Welcome back
from the SCFA Executive Board  
  

September 23, 2015 

This letter is being distributed to members of the SCFA.

Dear SCFA Member,
 
As the 2015-16 academic year begins, we would like to welcome you back to campus and encourage you to become active in the Santa Cruz Faculty Association (and perhaps even become a Board Member!).
 
As you know, the SCFA is a dues-supported membership organization, made up of members of the UCSC Academic Senate. SCFA is the only actual bargaining unit for a senate faculty in the UC system, and as such the administration is required to "meet and confer" with the SCFA on local issues. The administration is also required to "consult" with the SCFA on matters of systemwide significance. The Senate is a necessary part of shared governance of UCSC, but its power and authority are limited when it comes to matters of faculty welfare.

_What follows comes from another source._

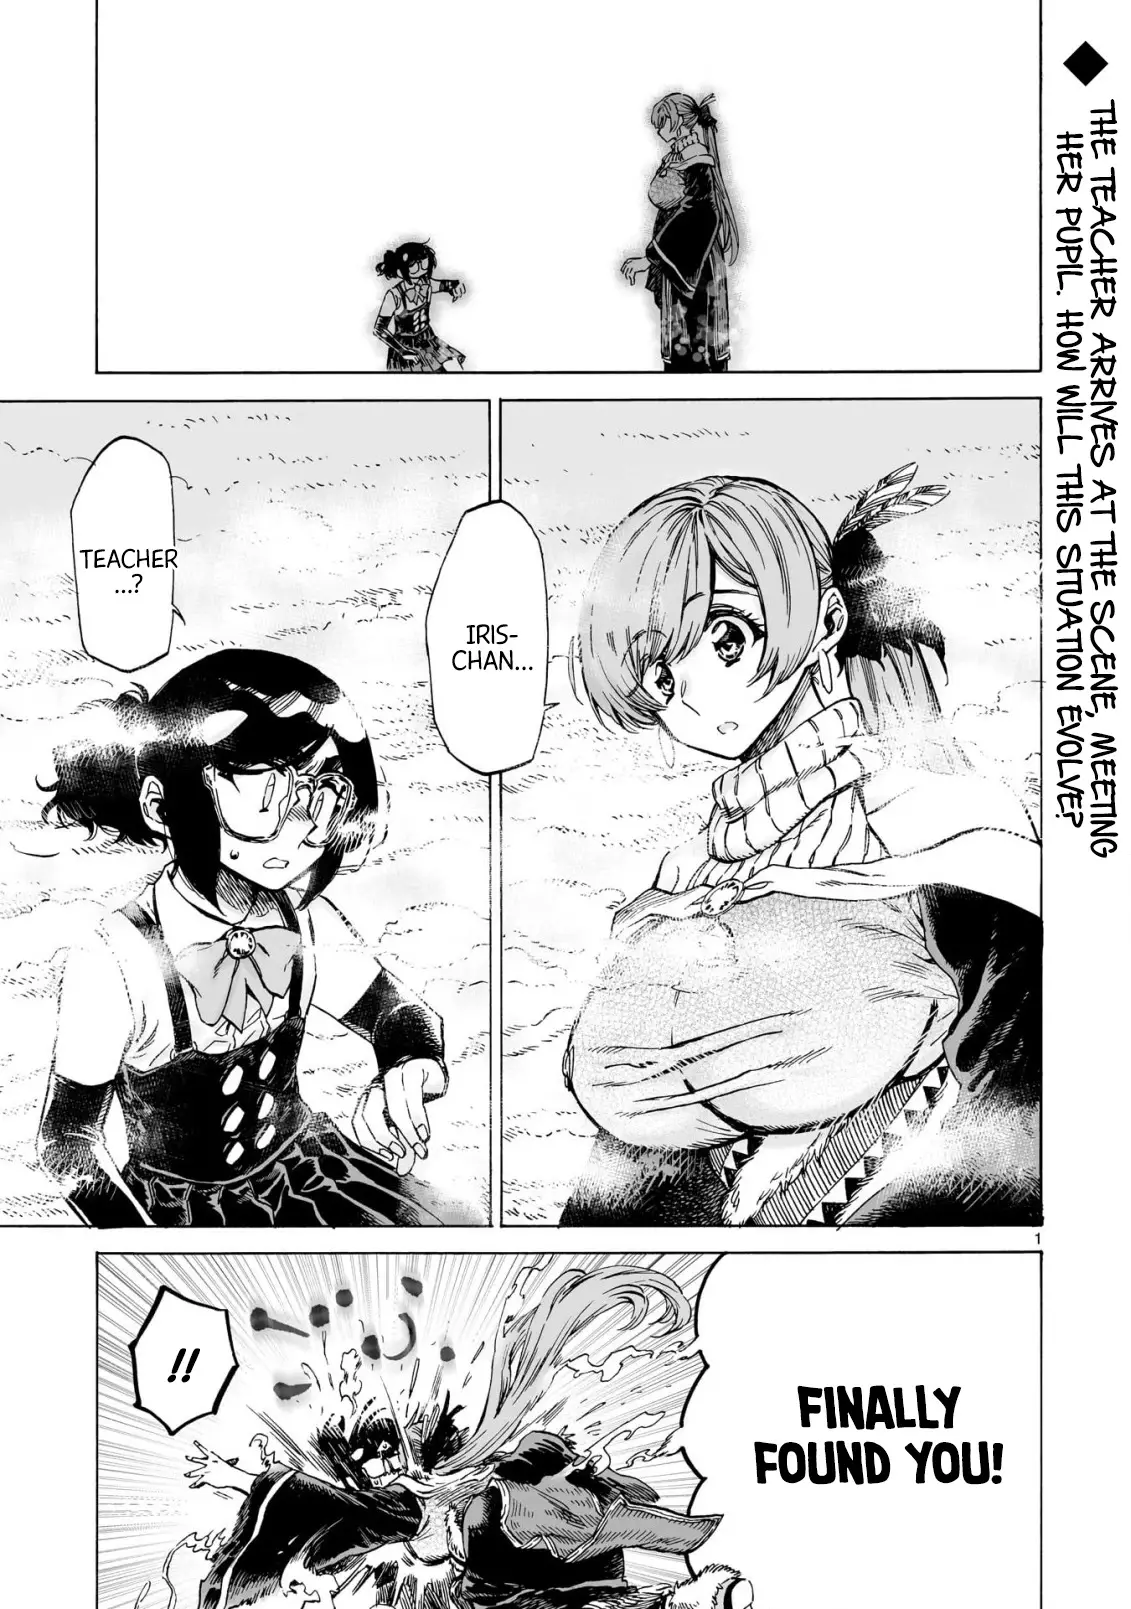 Nina-san no Mahou Seikatsu - 22 page 1-809c850c

SCFA is legally empowered to provide a voice to faculty outside the regular channels of the Academic Senate and administration. We are able to bring to the faculty's attention issues of concern that might not be publicized until after many decisions have already been made. SCFA actively advocates for the collective interests of UC Santa Cruz faculty and UC as a whole.
 
Over the last fifteen years, SCFA has advocated on behalf of faculty regarding outside employment, arbitrary denials of merit increases, health coverage, childcare, and rules for benefits for surviving partners and children of faculty. During the past two years, the SCFA was involved with bargaining over a contract between UCSC and Coursera, one of the large purveyors of online MOOCs. These negotiations were successfully concluded this past spring, with two contracts that protect the rights of online course creators. (If you would like to see the contracts, please let us know).
 
SCFA is also a member of the Council of UC Faculty Associations (CUCFA), a particularly important systemwide organization. Through CUCFA, we speak directly to the Governor, legislators, the UC Regents and the media. Among CUCFA's many accomplishments has been successful co-sponsorship of legislation passed around 2000, which specifies that individual professors, and not UC, own intellectual property rights to their lectures, currently especially relevant to "online learning." Both SCFA and CUCFA have become major conduits of information about UC finances, student debt, and privatization of the UCs. When UCOP introduced new systemwide limitations on our health-care options, leaving UCSC faculty and staff with limited or no access to Palo Alto Medical Foundation, the SCFA was active in protesting and lobbying against the change.
 
We are all concerned about healthcare, pensions, shared governance and other issues being discussed at UCSC and across the UC system . There may be both local and systemwide matters that are of concern to you and which we should address. But we can't do this if we don't know about your concerns.
 
We hope that, if you are not already actively involved with SCFA, you will consider doing so. A strong SCFA benefits the entire UC faculty and system. Make your voice heard.